**PROBLEM STATEMENT**
An exact copy of the listing below is required.

**DATASET CONTENT**
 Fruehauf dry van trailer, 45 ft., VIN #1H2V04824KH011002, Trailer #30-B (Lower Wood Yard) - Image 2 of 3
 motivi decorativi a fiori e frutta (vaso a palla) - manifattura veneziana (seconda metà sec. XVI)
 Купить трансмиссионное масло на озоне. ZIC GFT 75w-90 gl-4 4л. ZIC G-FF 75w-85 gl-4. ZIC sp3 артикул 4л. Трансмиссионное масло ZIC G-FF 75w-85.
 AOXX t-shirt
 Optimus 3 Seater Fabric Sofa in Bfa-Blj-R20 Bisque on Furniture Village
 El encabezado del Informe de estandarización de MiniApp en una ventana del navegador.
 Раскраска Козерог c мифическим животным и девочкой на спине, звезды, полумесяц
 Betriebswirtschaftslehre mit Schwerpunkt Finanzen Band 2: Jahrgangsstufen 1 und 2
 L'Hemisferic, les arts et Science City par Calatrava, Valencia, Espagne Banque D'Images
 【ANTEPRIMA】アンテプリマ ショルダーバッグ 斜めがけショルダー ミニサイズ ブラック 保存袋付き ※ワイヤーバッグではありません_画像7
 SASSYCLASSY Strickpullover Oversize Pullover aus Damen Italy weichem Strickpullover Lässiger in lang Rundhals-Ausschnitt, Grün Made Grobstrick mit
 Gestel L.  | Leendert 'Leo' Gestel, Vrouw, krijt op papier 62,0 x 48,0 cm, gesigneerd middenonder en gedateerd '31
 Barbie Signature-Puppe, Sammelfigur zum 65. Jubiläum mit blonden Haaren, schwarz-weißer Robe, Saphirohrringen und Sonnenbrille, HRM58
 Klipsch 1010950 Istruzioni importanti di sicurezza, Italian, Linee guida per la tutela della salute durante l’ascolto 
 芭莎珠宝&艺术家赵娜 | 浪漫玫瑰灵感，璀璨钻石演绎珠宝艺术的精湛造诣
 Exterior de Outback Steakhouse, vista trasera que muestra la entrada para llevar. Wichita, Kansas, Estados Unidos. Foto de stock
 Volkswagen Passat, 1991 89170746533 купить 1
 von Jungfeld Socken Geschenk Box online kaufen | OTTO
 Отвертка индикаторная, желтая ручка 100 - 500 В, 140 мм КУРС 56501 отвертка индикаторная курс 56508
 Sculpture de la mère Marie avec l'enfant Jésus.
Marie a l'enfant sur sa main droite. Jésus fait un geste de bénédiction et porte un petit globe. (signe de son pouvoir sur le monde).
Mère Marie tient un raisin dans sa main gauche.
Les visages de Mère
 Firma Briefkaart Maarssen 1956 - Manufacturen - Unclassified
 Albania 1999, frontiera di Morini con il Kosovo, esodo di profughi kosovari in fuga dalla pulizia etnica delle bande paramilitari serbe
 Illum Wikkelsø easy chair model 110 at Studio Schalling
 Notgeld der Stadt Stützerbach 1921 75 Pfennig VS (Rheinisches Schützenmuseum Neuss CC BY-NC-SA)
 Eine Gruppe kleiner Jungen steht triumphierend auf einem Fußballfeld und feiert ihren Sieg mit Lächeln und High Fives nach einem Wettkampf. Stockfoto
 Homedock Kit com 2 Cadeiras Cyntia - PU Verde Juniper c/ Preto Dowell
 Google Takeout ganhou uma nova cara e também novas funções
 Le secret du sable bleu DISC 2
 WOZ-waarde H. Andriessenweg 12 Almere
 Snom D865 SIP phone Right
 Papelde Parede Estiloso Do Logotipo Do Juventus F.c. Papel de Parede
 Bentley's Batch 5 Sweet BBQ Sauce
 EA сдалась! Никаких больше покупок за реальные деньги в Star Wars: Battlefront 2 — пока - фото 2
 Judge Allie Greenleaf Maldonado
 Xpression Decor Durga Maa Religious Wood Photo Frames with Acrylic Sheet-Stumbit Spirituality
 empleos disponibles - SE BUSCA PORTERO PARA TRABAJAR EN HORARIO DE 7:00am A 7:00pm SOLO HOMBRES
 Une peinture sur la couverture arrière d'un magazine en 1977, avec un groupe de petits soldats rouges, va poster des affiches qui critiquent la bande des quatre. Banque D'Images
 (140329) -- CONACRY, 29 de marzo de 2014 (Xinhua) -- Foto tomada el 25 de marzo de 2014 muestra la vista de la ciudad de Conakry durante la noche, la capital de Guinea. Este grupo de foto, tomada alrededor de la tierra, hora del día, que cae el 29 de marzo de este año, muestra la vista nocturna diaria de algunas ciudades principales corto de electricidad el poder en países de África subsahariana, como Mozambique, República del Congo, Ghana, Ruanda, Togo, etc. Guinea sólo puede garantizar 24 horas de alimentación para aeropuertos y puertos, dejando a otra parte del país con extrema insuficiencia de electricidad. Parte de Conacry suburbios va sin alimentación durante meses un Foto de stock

**RESULT FOR THIS EXERCISE**
 Fruehauf dry van trailer, 45 ft., VIN #1H2V04824KH011002, Trailer #30-B (Lower Wood Yard) - Image 2 of 3
 motivi decorativi a fiori e frutta (vaso a palla) - manifattura veneziana (seconda metà sec. XVI)
 Купить трансмиссионное масло на озоне. ZIC GFT 75w-90 gl-4 4л. ZIC G-FF 75w-85 gl-4. ZIC sp3 артикул 4л. Трансмиссионное масло ZIC G-FF 75w-85.
 AOXX t-shirt
 Optimus 3 Seater Fabric Sofa in Bfa-Blj-R20 Bisque on Furniture Village
 El encabezado del Informe de estandarización de MiniApp en una ventana del navegador.
 Раскраска Козерог c мифическим животным и девочкой на спине, звезды, полумесяц
 Betriebswirtschaftslehre mit Schwerpunkt Finanzen Band 2: Jahrgangsstufen 1 und 2
 L'Hemisferic, les arts et Science City par Calatrava, Valencia, Espagne Banque D'Images
 【ANTEPRIMA】アンテプリマ ショルダーバッグ 斜めがけショルダー ミニサイズ ブラック 保存袋付き ※ワイヤーバッグではありません_画像7
 SASSYCLASSY Strickpullover Oversize Pullover aus Damen Italy weichem Strickpullover Lässiger in lang Rundhals-Ausschnitt, Grün Made Grobstrick mit
 Gestel L.  | Leendert 'Leo' Gestel, Vrouw, krijt op papier 62,0 x 48,0 cm, gesigneerd middenonder en gedateerd '31
 Barbie Signature-Puppe, Sammelfigur zum 65. Jubiläum mit blonden Haaren, schwarz-weißer Robe, Saphirohrringen und Sonnenbrille, HRM58
 Klipsch 1010950 Istruzioni importanti di sicurezza, Italian, Linee guida per la tutela della salute durante l’ascolto 
 芭莎珠宝&艺术家赵娜 | 浪漫玫瑰灵感，璀璨钻石演绎珠宝艺术的精湛造诣
 Exterior de Outback Steakhouse, vista trasera que muestra la entrada para llevar. Wichita, Kansas, Estados Unidos. Foto de stock
 Volkswagen Passat, 1991 89170746533 купить 1
 von Jungfeld Socken Geschenk Box online kaufen | OTTO
 Отвертка индикаторная, желтая ручка 100 - 500 В, 140 мм КУРС 56501 отвертка индикаторная курс 56508
 Sculpture de la mère Marie avec l'enfant Jésus.
Marie a l'enfant sur sa main droite. Jésus fait un geste de bénédiction et porte un petit globe. (signe de son pouvoir sur le monde).
Mère Marie tient un raisin dans sa main gauche.
Les visages de Mère
 Firma Briefkaart Maarssen 1956 - Manufacturen - Unclassified
 Albania 1999, frontiera di Morini con il Kosovo, esodo di profughi kosovari in fuga dalla pulizia etnica delle bande paramilitari serbe
 Illum Wikkelsø easy chair model 110 at Studio Schalling
 Notgeld der Stadt Stützerbach 1921 75 Pfennig VS (Rheinisches Schützenmuseum Neuss CC BY-NC-SA)
 Eine Gruppe kleiner Jungen steht triumphierend auf einem Fußballfeld und feiert ihren Sieg mit Lächeln und High Fives nach einem Wettkampf. Stockfoto
 Homedock Kit com 2 Cadeiras Cyntia - PU Verde Juniper c/ Preto Dowell
 Google Takeout ganhou uma nova cara e também novas funções
 Le secret du sable bleu DISC 2
 WOZ-waarde H. Andriessenweg 12 Almere
 Snom D865 SIP phone Right
 Papelde Parede Estiloso Do Logotipo Do Juventus F.c. Papel de Parede
 Bentley's Batch 5 Sweet BBQ Sauce
 EA сдалась! Никаких больше покупок за реальные деньги в Star Wars: Battlefront 2 — пока - фото 2
 Judge Allie Greenleaf Maldonado
 Xpression Decor Durga Maa Religious Wood Photo Frames with Acrylic Sheet-Stumbit Spirituality
 empleos disponibles - SE BUSCA PORTERO PARA TRABAJAR EN HORARIO DE 7:00am A 7:00pm SOLO HOMBRES
 Une peinture sur la couverture arrière d'un magazine en 1977, avec un groupe de petits soldats rouges, va poster des affiches qui critiquent la bande des quatre. Banque D'Images
 (140329) -- CONACRY, 29 de marzo de 2014 (Xinhua) -- Foto tomada el 25 de marzo de 2014 muestra la vista de la ciudad de Conakry durante la noche, la capital de Guinea. Este grupo de foto, tomada alrededor de la tierra, hora del día, que cae el 29 de marzo de este año, muestra la vista nocturna diaria de algunas ciudades principales corto de electricidad el poder en países de África subsahariana, como Mozambique, República del Congo, Ghana, Ruanda, Togo, etc. Guinea sólo puede garantizar 24 horas de alimentación para aeropuertos y puertos, dejando a otra parte del país con extrema insuficiencia de electricidad. Parte de Conacry suburbios va sin alimentación durante meses un Foto de stock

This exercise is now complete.